I have a question regarding the launch configuration when running kernels concurrently (CUDA sample concurrentKernels:

When using a grid size of 1 (1x1x1) and a thread block size of 1 (1x1x1), all 8 kernels run concurrently in 8 streams.
However, when I increase the grid size, e.g. up to 100, the kernels do not run concurrently anymore. The duration of executing all 8 kernels now takes 405µs, while a grid size of 1 only needs 126µs.

My question is: What are the limits of grid size (and thread block size) at which kernels can still be executed concurrently?

Table 21 of the CUDA Programming Guide states a “maximum number of resident grids per device (Concurrent Kernel Execution)” of 128. Does this has something to do with my topic? If yes, how?

Thanks!

This is possibly a complicated question to answer. It is strongly related to the idea of occupancy, which is widely discussed on forums and even in CUDA documentation.

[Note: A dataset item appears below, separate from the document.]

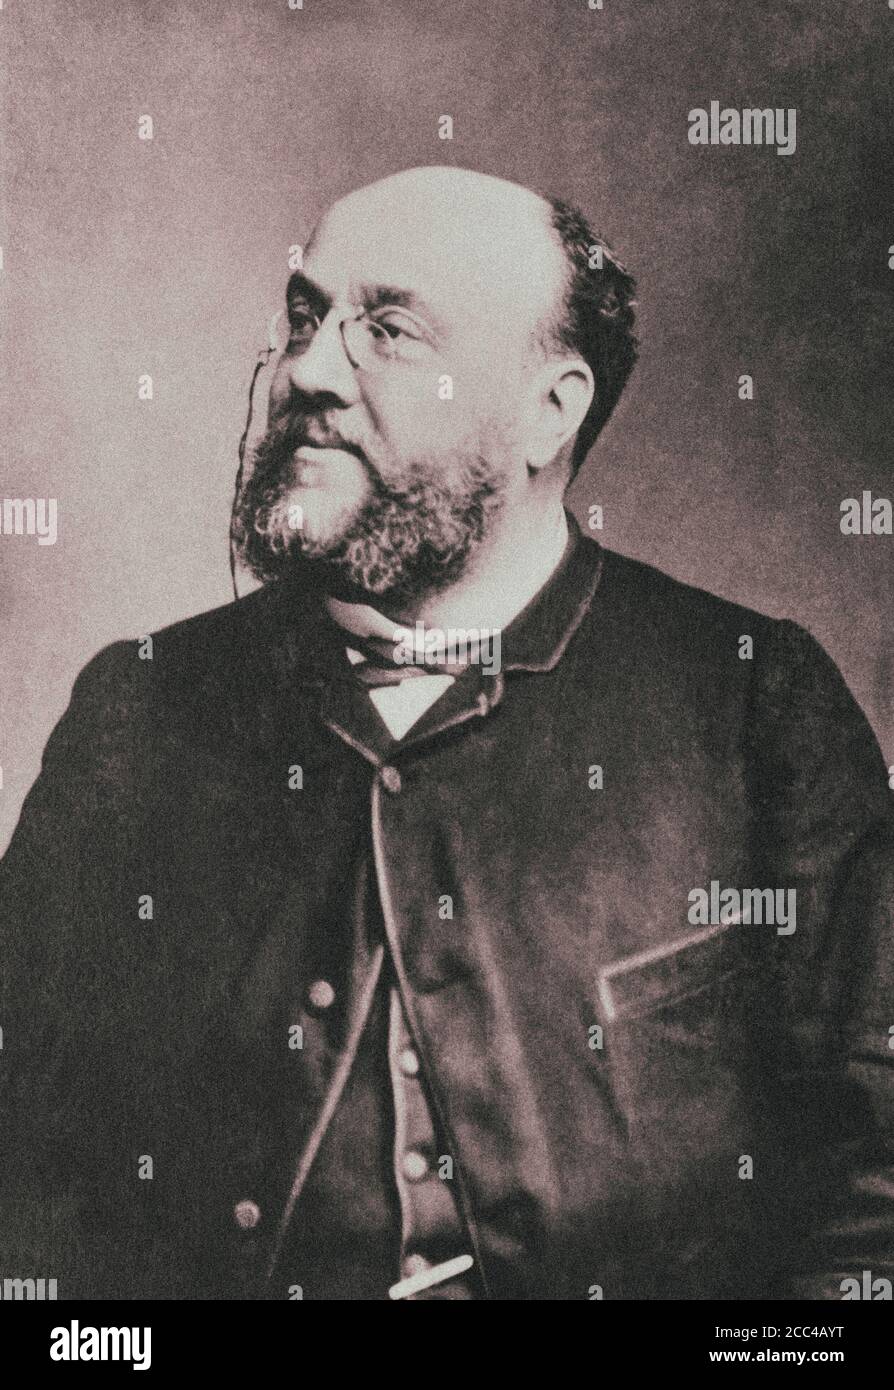 Charles Lamoureux (1834-1899), chef d'orchestre et violoniste français, fondateur de la Société des nouveaux concerts, qui devient les concerts de Lamoureux. Banque D'Images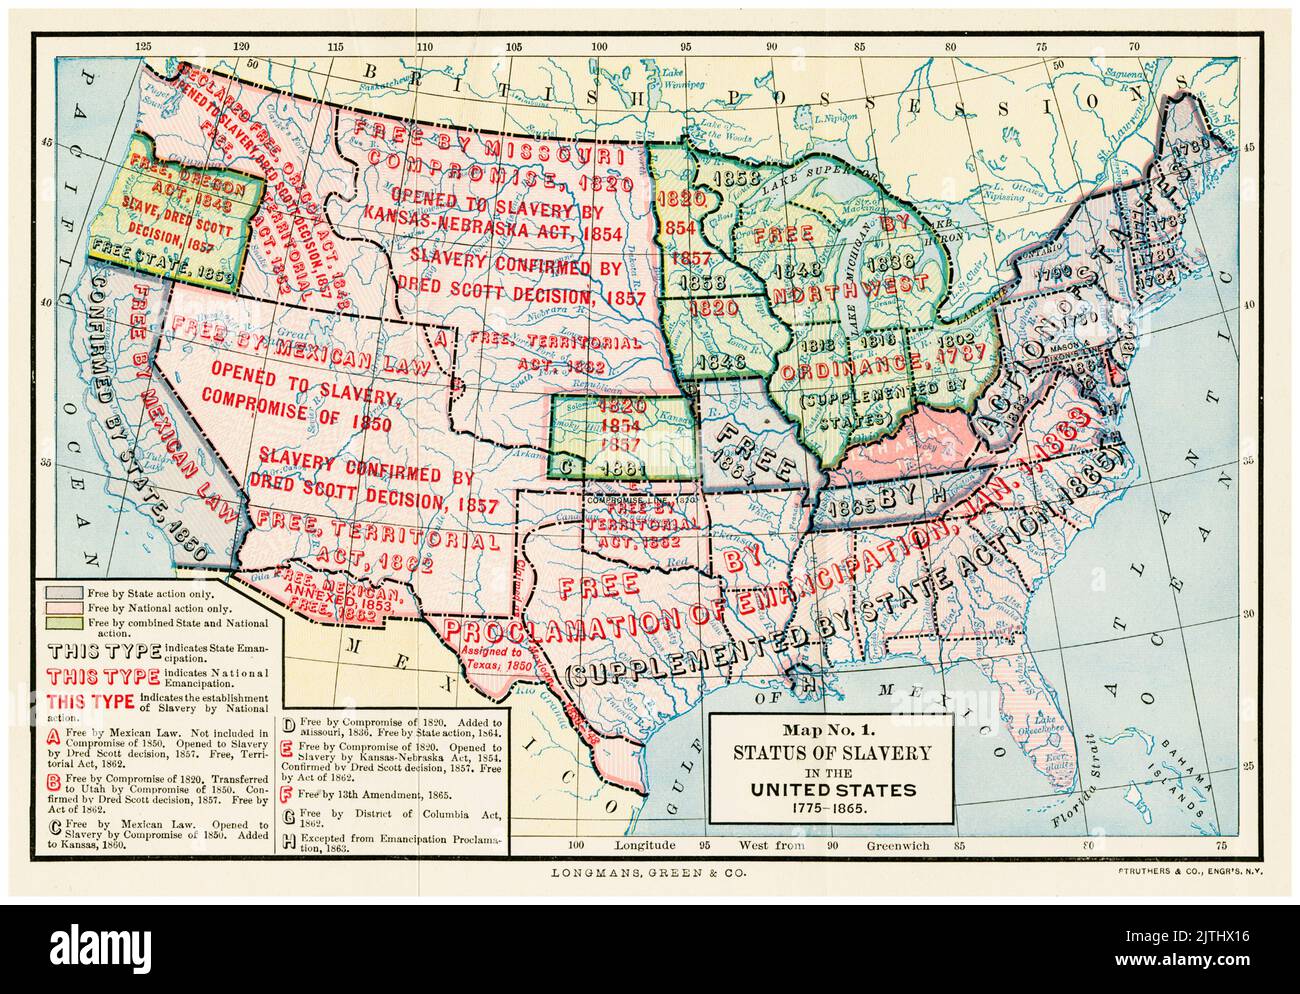 Karte mit dem rechtlichen Status der Sklaverei und des Sklavenhandels in den Vereinigten Staaten von Amerika, 1775-1865, Illustration von Longmans, Green und Co., 1893-1894 Stockfoto

Briefly, occupancy considers how much of a GPUs resources you are using, and this is the key to answering your question. A GPU has various resource limits, such as the number of SMs which implies the maximum number of blocks that can be simultaneously resident or “concurrent”, also registers, shared memory, and other limits.

To determine occupancy statically or theoretically (as opposed to measuring it) you must assess all resources used by a kernel, and compare those to relevant limits of the GPU you are running on.

For a single kernel, we can do this using several methods including the previously linked discussion of the Occupancy Calculator API.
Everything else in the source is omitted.